Still, always good to check for the impact of changes on the I/O path.

lmpn · 2023-10-26T22:25:20Z

I've ran cargo bench for main and this branch. Results below:

poll_transmit_pre_alloc
test large_data_10_streams ... bench: 30,968,912 ns/iter (+/- 11,592,202) = 338 MB/s
test large_data_1_stream ... bench: 26,580,878 ns/iter (+/- 20,358,295) = 39 MB/s
test small_data_100_streams ... bench: 14,363,537 ns/iter (+/- 17,569,828)
test small_data_1_stream ... bench: 19,154,729 ns/iter (+/- 5,427,772)

latest main
test large_data_10_streams ... bench: 30,603,466 ns/iter (+/- 11,396,640) = 342 MB/s
test large_data_1_stream ... bench: 21,525,054 ns/iter (+/- 19,954,110) = 48 MB/s
test small_data_100_streams ... bench: 17,087,725 ns/iter (+/- 22,559,371)
test small_data_1_stream ... bench: 19,227,774 ns/iter (+/- 5,343,771)

If this is not enough please give me some pointers and I will try to do an analysis that fits the project.

lmpn · 2023-10-26T22:37:34Z

@djc I've decided to expose the mtu from the connection.
If there is already an approach to retrieve or calculate such value tell me 🙏

djc · 2023-10-27T09:15:50Z

So this shows as a ~18% regression for small_data_100_streams? That seems bad -- and surprising...

lmpn · 2023-10-27T14:23:19Z

So I've executed cargo bench 10 times for main and this branch and compared the times(image below)

There is indeed a regression (on average) for large_data_1_stream and small_data_100_streams, 3% and 6% respectively.

Ralith

Exposing the MTU makes sense to me; other quinn-proto users will want it for the same reason.

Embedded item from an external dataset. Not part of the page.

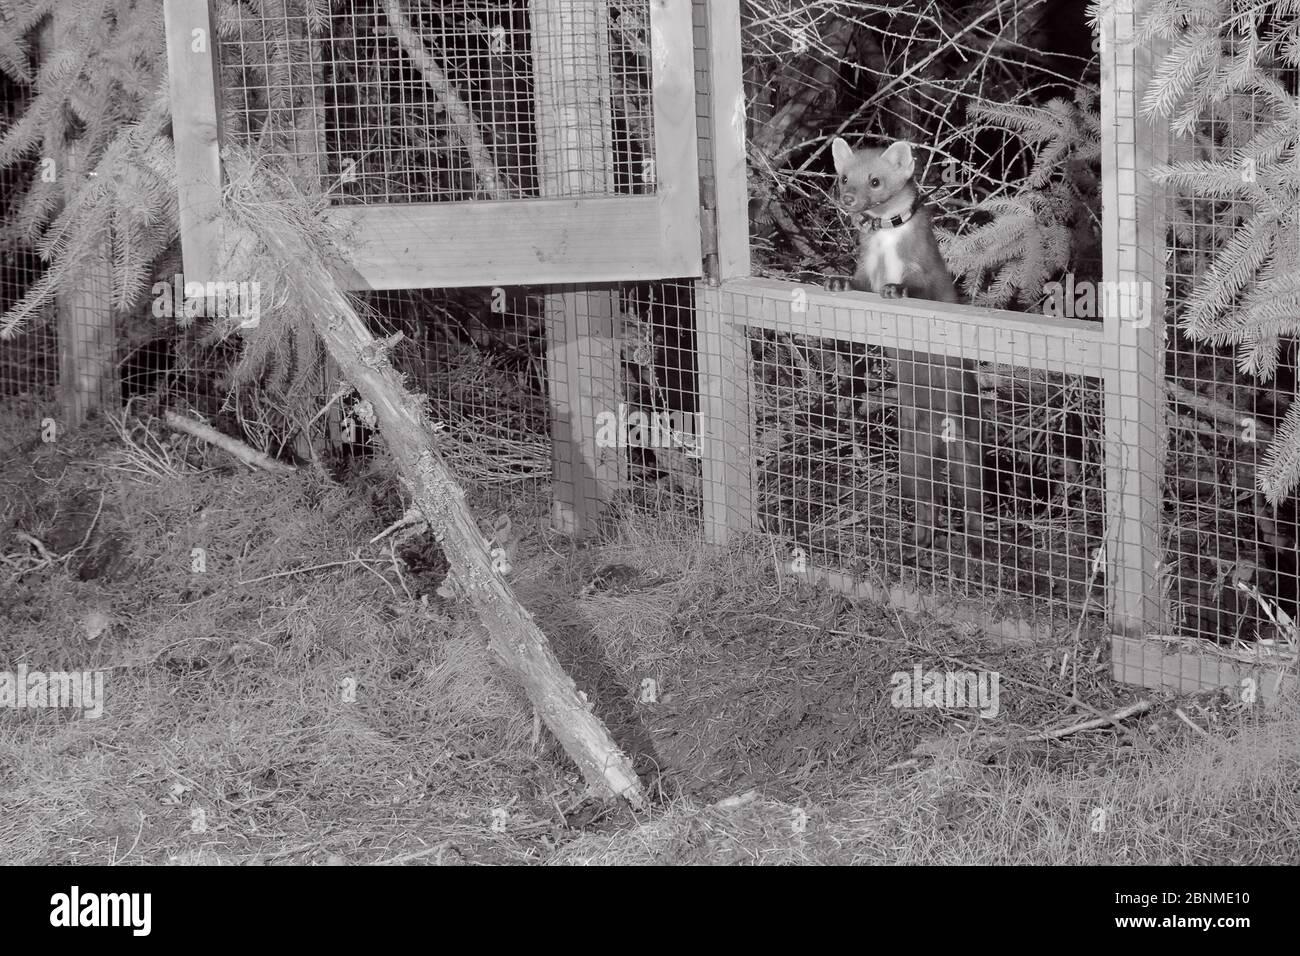 Marte de pin mâle à col radio (Martes martes) se préparant à sortir d'une cage temporaire de libération douce la nuit , pendant le projet de réintroduction par le Banque D'Images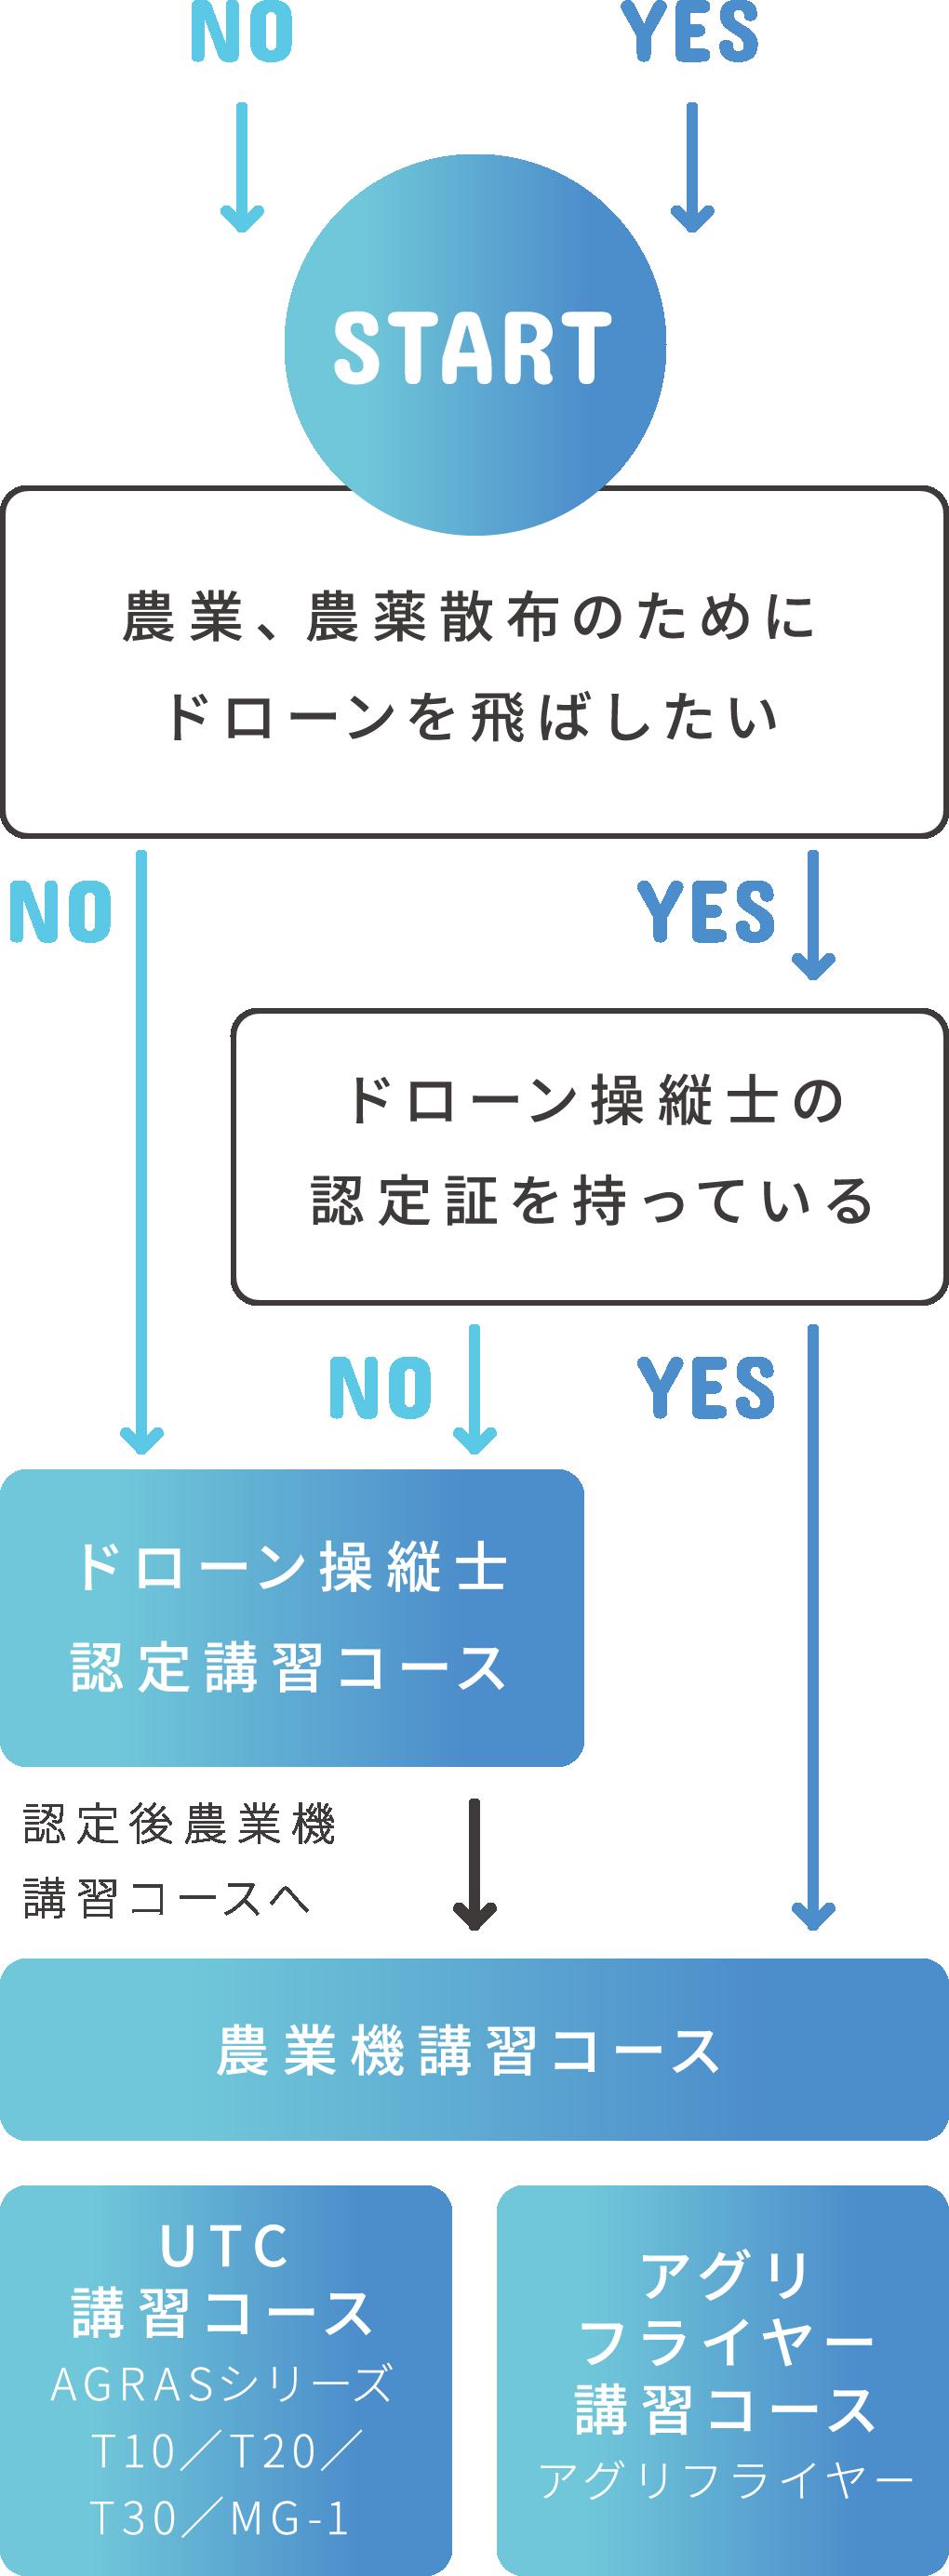 コースの選び方の図

quinn-proto/src/connection/mod.rs

Ralith · 2023-10-27T17:59:31Z

@lmpn I'm having some difficulty reading your chart screenshot. Are the 4 aggregated figures for each separate test, in order? So there's a 20% speedup in small_data_1_stream? That's confusing since the original single run you posted indicated no change there, and a similar speedup in small_data_100_streams. That original run also indicates a very high variance, so maybe this data is too noisy to be meaningful anyway. I'll try to get some of my own numbers to compare.

We should be able to get identical performance to main by having the quinn layer create a fresh BytesMut for each poll_transmit call, right?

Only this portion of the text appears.